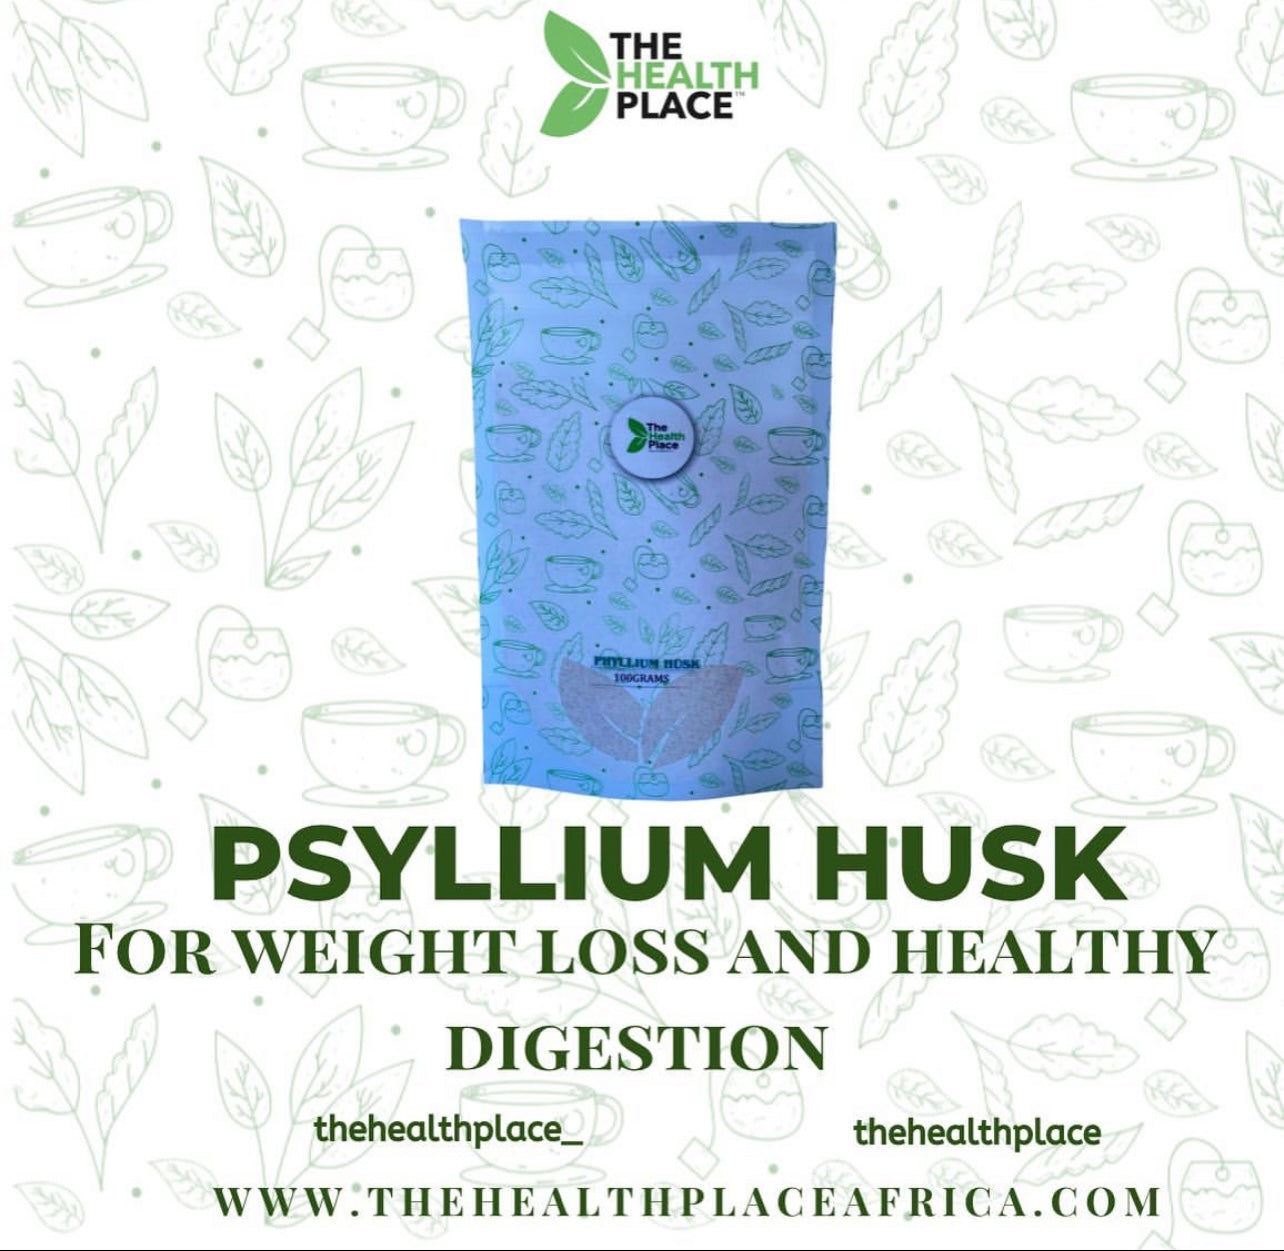 PSYLLIUM HUSK FOR WEIGHT LOSS AND HEALTHY DIGESTION
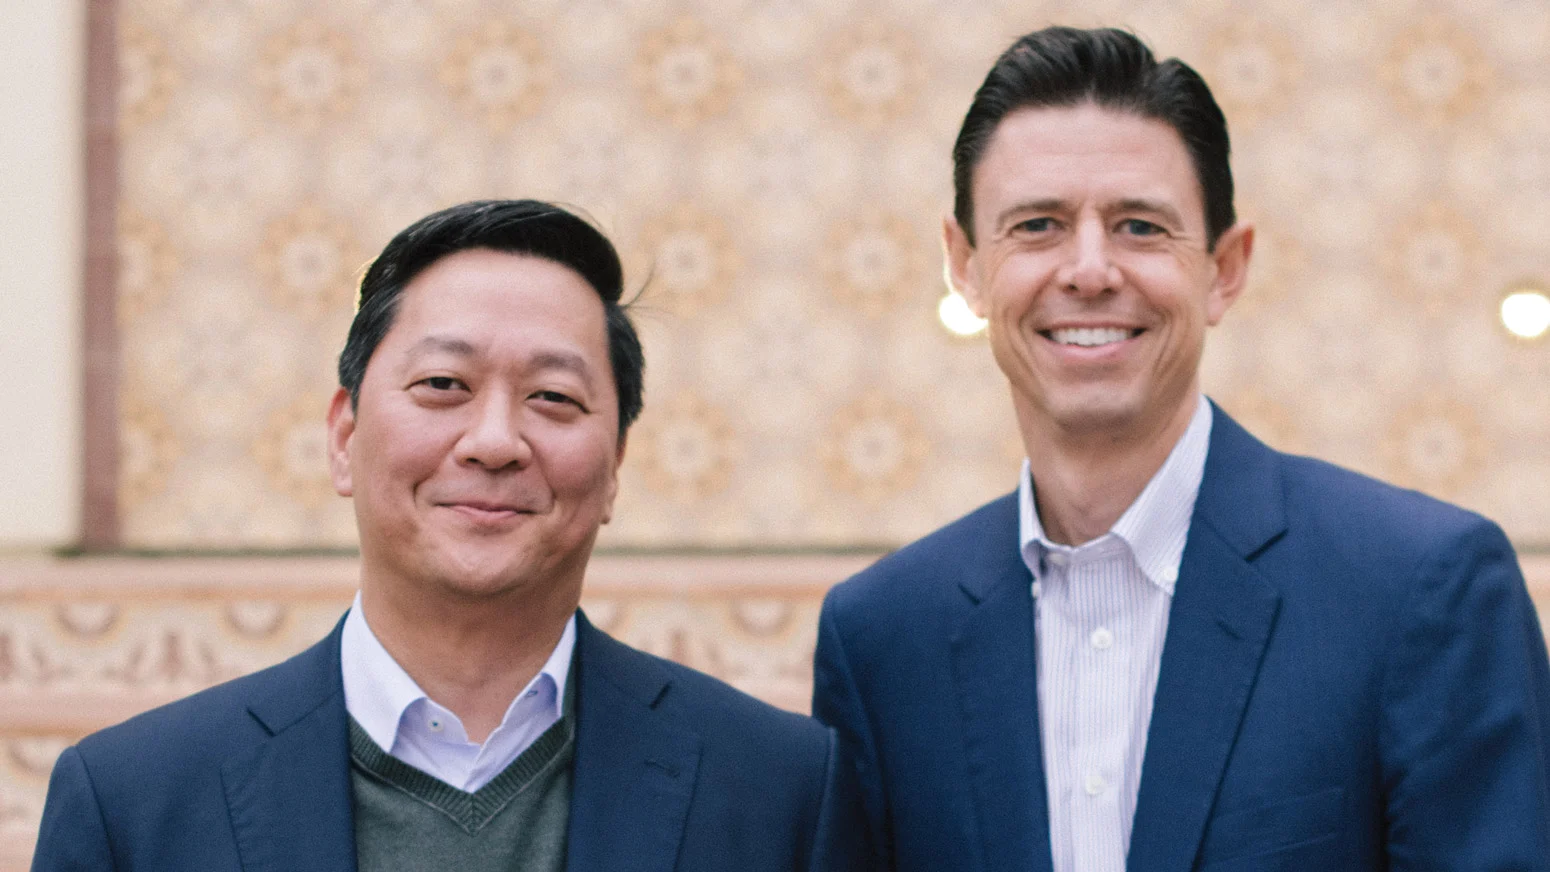 KKR Closes $3 Billion Tech Growth Fund, Including $400 Million From Employees
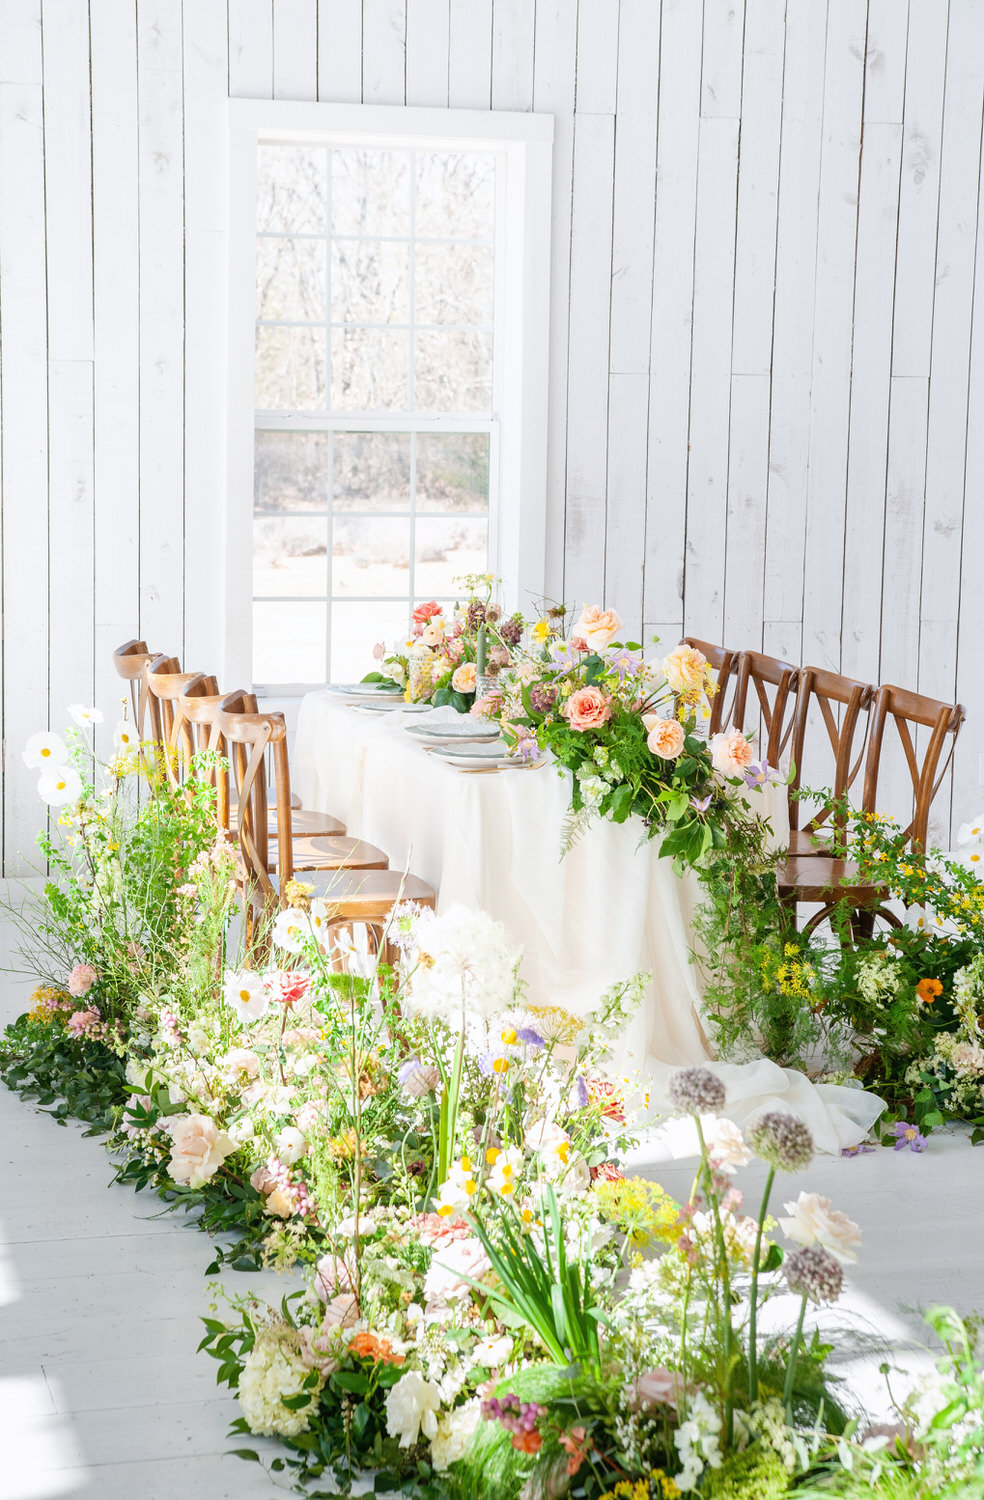 rustic wedding reception table for a couple's spring wedding at the White Sparrow in Quinlan Texas

## EXERCISE INSTRUCTIONS
From the material above, copy everything exactly but the pictures.

## ANSWER FOR THIS EXERCISE
 PSYLLIUM HUSK FOR WEIGHT LOSS AND HEALTHY DIGESTION
 KKR Closes $3 Billion Tech Growth Fund, Including $400 Million From Employees
 rustic wedding reception table for a couple's spring wedding at the White Sparrow in Quinlan Texas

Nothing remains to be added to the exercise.